Analysing Search Terms: N-grams

Our search marketing campaigns generate a lot of search terms. Search engines can assign all kinds of search terms (which they think is relevant) to the keywords we generate. While this is a good additional source of traffic, it also has significantly higher risk of generating bad traffic as these search terms haven't gone through our keyword generation process. As always we are on the lookout for two things:

  • Problems: Figure out any systematic bad search terms and block them out by either improving our keyword generation rules or adding negatives.
  • Opportunities: Are we getting good search terms that we don’t have as keywords? We should improve our keyword generation process to include them.


The challenge is that we get a lot of search terms (at least 500k search terms for each of the top languages) and mostly very few clicks per search term so it is difficult to spot problems or trends. Here is a subset of what a search term report output (minus the performance statistics) looks like after aggregation:


As you can see, there are two obviously problematic search terms of people not searching for accommodation. These can be easily identified automatically using conversion statistics but they are only two cases that popped up. Since the data is very long tail, it is not possible to use performance statistics to identify all the bad search terms which mostly have a few clicks each. While insignificant by themselves, overall they add up to a large sum. So just as in many cases of doing quantitative analysis of text, n-grams are very useful. By splitting search terms into words and then grouping them into n-grams we are able to notice significant trends. It is easier to explain by an example:

The search term “cheap hotels in Amsterdam” will get split into:

  • 1-grams: “cheap”, ”hotels”, ”in”, ”amsterdam”
  • 2-grams: ”cheap hotels”, ”hotels in”, ”in amsterdam”
  • 3-grams: “cheap hotels in”, “hotels in amsterdam”
  • 4-grams: “cheap hotels in amsterdam”

Then for each n-gram level, the output from all other search terms is aggregated which makes it possible to identify the problems and opportunities. In our case n-grams up to 5 are interesting, as longer ngrams appear too infrequently in our data to be able to identify trends.

Here is an example of a Python script that does the job:

from nltk.corpus import stopwords
from nltk.stem.snowball import SnowballStemmer
from collections import defaultdict
from nltk import word_tokenize
from nltk.util import ngrams
import string
import operator

sentences = [
    'Find hotel at Amsterdam',
    'Book hotel in Amsterdam?',
    'Book cheap room in ugly busy hotel middle of nowhere',
    'Book busy hotel in the middle of nowhere']

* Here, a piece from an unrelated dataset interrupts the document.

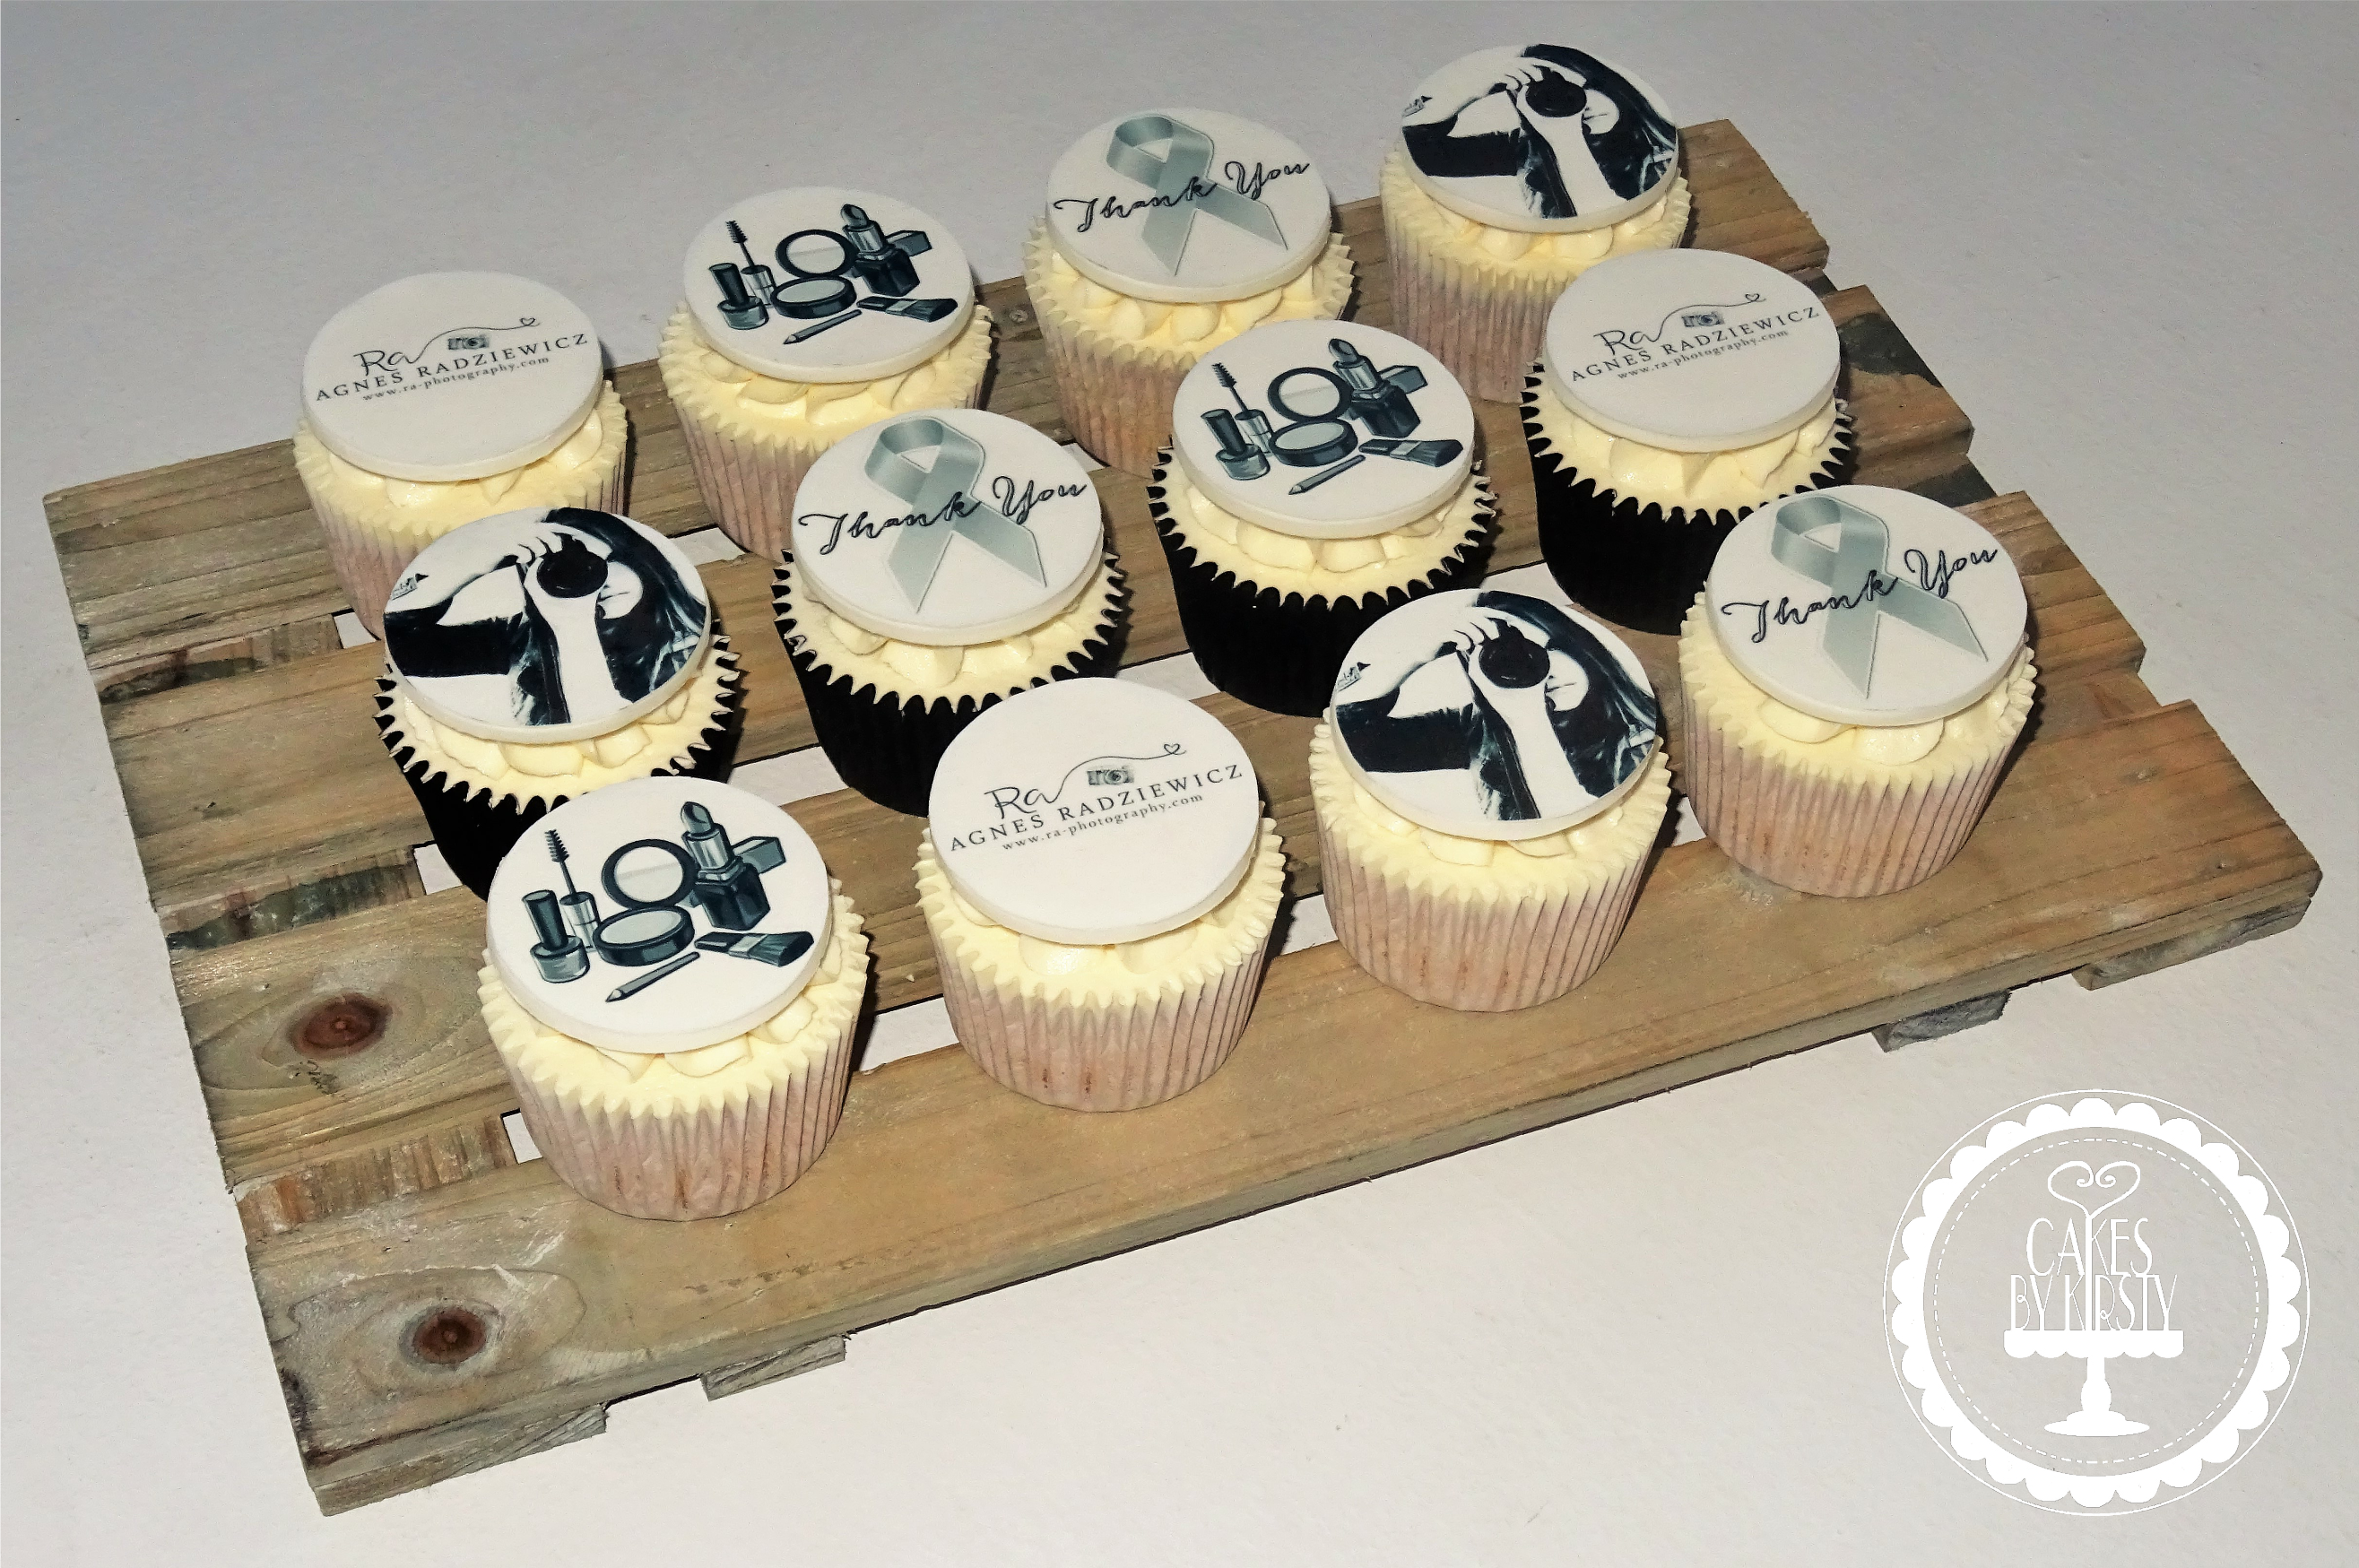 RA Photography - Logo Cupcakes
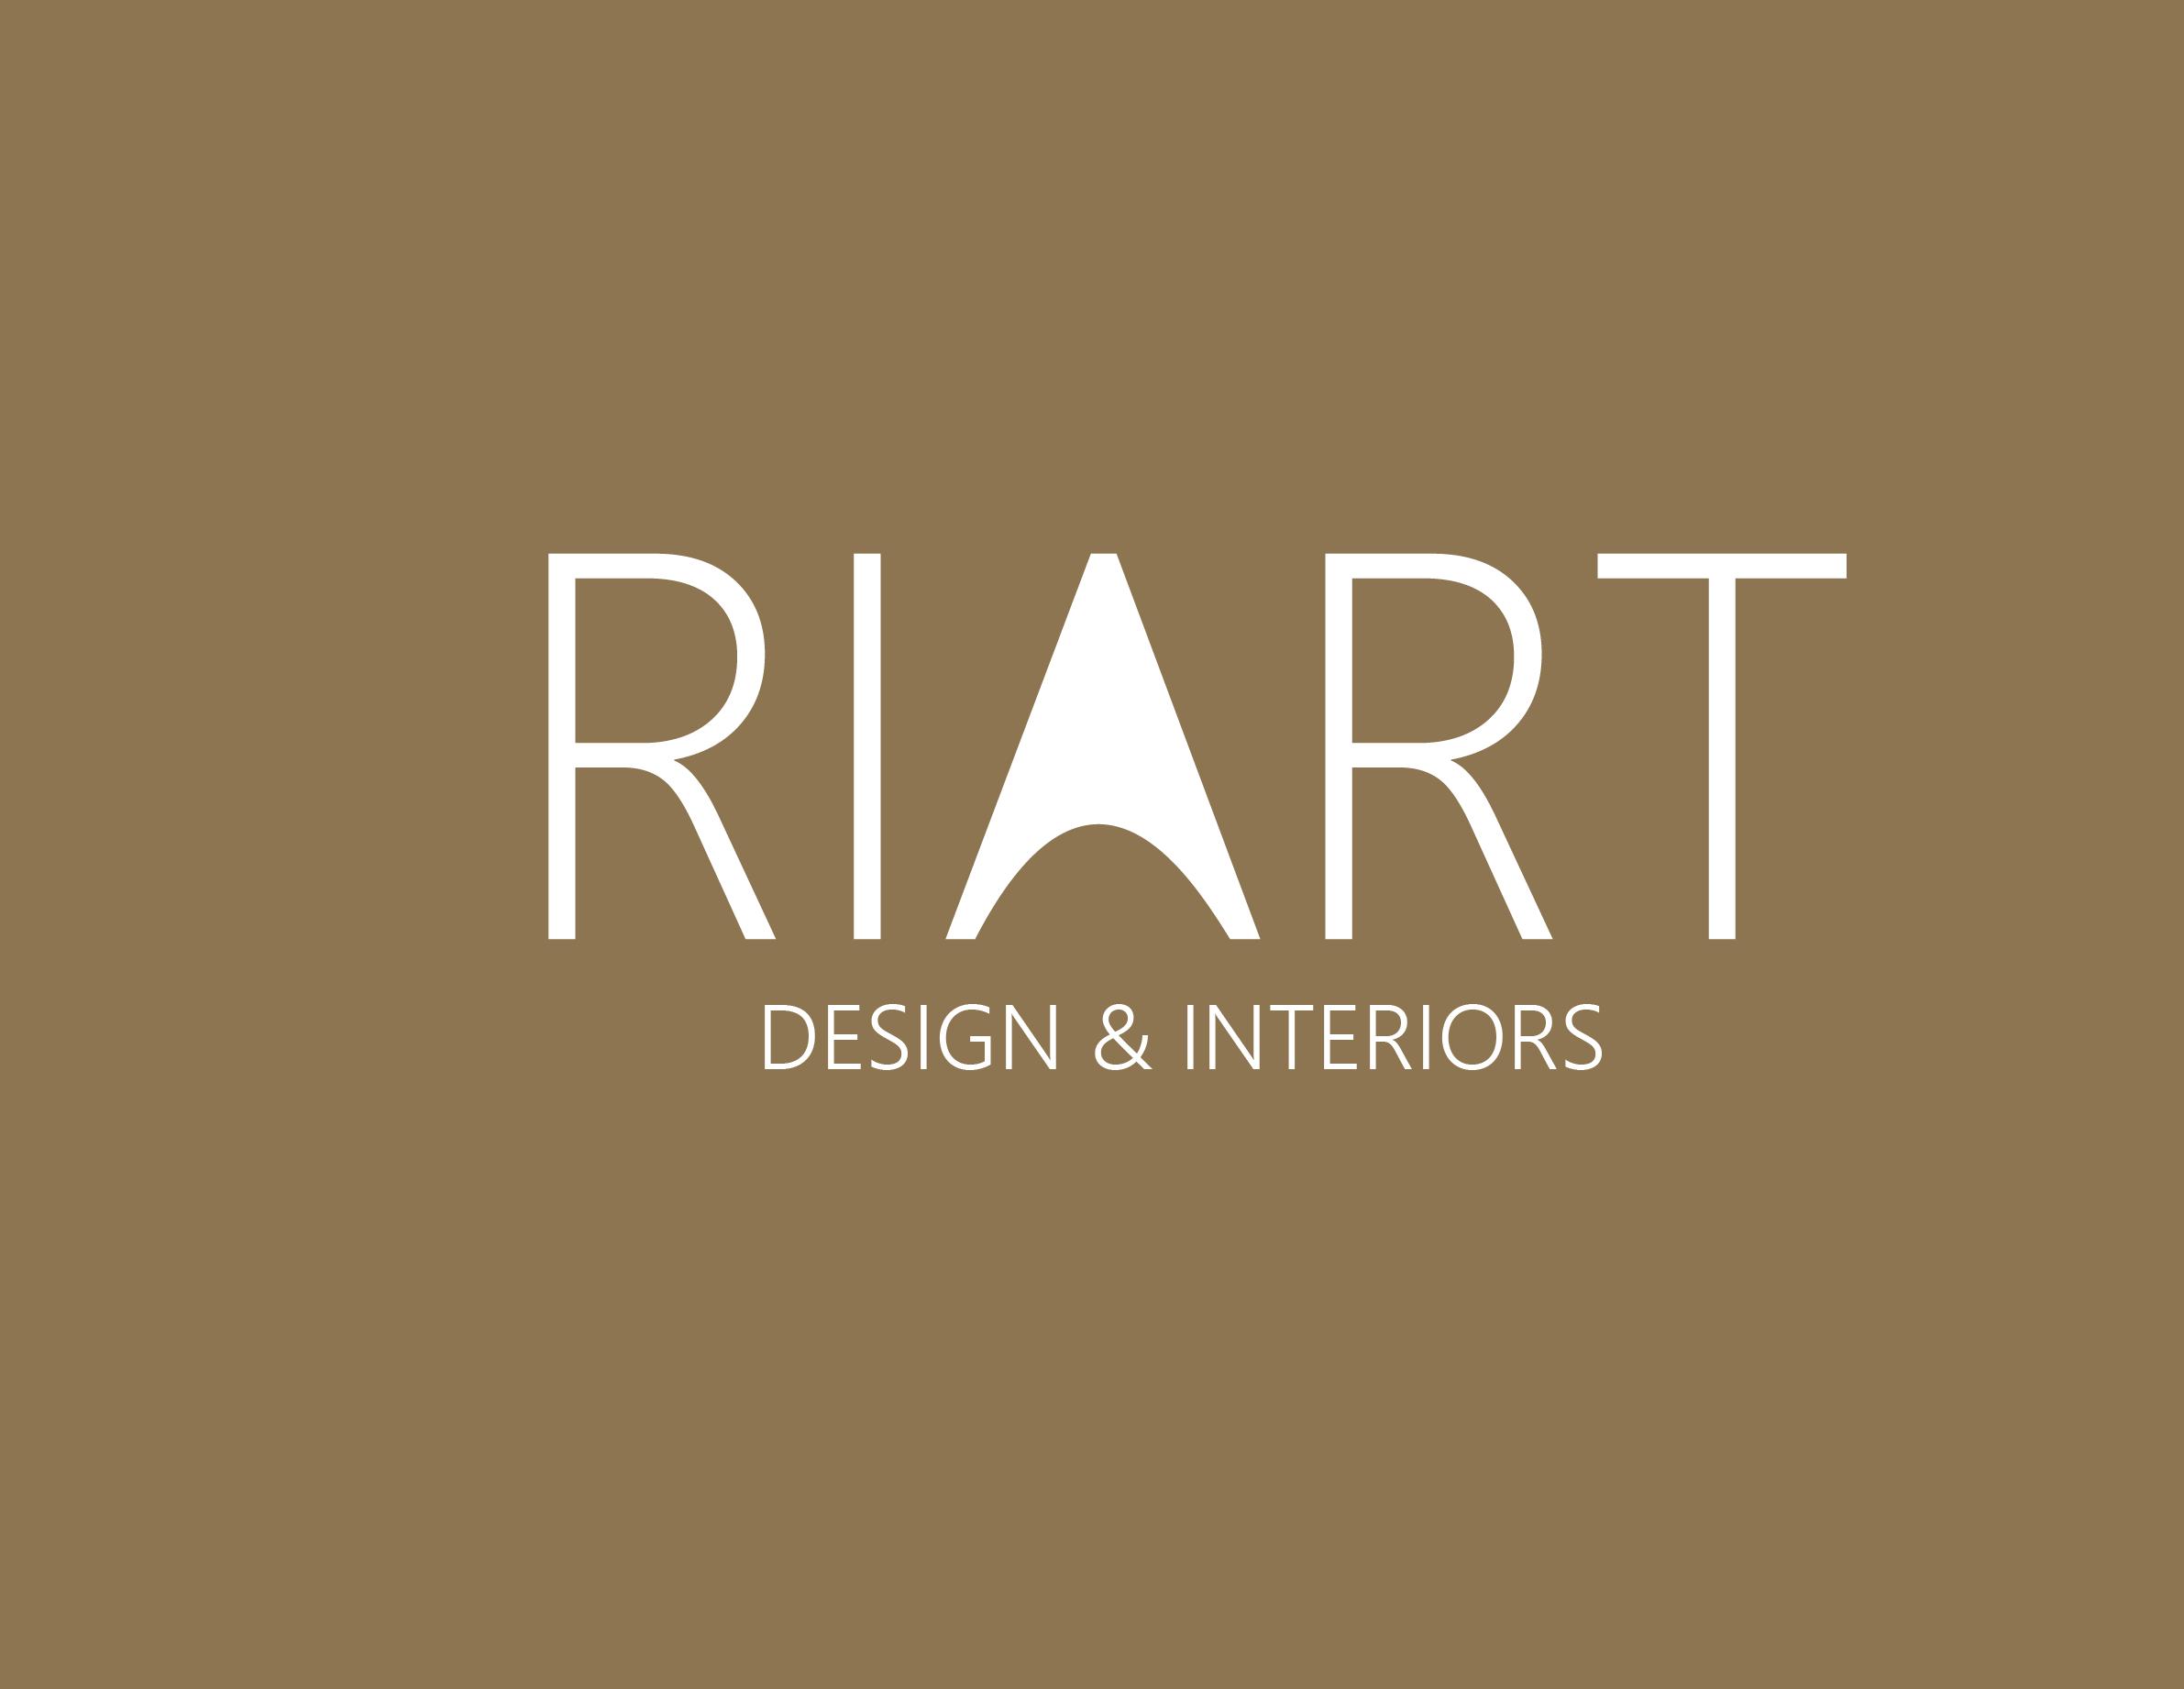 Riart - Design De Interiores

stemmer = SnowballStemmer("english")
ngram_count = defaultdict(lambda: 0)
N = 5   # Get me those 5-grams!
english_stopwords = stopwords.words('English')
for sentence in sentences:
    dirty_words = word_tokenize(sentence)
    # Remove stopwords and punctuation
    clean_words = [w for w in dirty_words
                   if w not in english_stopwords
                   and w not in string.punctuation]
    # Use stems (maybe not what you want?)
    stems = [stemmer.stem(x) for x in clean_words]
    for gram in ngrams(stems, N):
        ngram_count[gram] += 1

# Print the result
for ngram, count in sorted(ngram_count.items(),
                           key=operator.itemgetter(1), reverse=True):
    print("{}: {}".format(ngram, count))

And an example output of top n-grams:

1-grams 2-grams 3-grams 4-grams
in hotels in bed and breakfast bed and breakfast in
hotels hotel in places to stay places to stay in
hotel bed and b and b list of hotels in
and and breakfast cheap hotels in b and b in
near hotels near to stay in
accommodation cheap hotels
bed accommodation in

As you can see, now the search terms are really aggregated and we can start to make sense of the share of certain n-grams in the overall traffic. For a language with 500k+ search terms, this process would generate less than 100k n-grams of which usually the top few hundred would be potentially interesting. This removes the long tail words (mainly related to specific locations) and highlights the most common words people use to search. A potential learning in this example is to use the short spelling of “b and b” as a keyword, in case we had missed it (our marketeers would never forget such a thing). A funny example is “tea”: It turned out people were searching for having tea at hotels in England, of all places.

This approach can be simplified by using “bag-of-words” so that “london hotel” and “hotel london” are grouped together. There is a reason other than laziness that I haven’t done this though: There are cases where the order of the words can make a difference. They can either be users searching for different things, or have different levels of competition in the ad auctions.

So this is one of the first steps in analysing search terms in scale. After this comes using dictionaries and more advanced natural language processing methods. Do you have any other ideas on how to make sense of and draw conclusions from search terms in scale?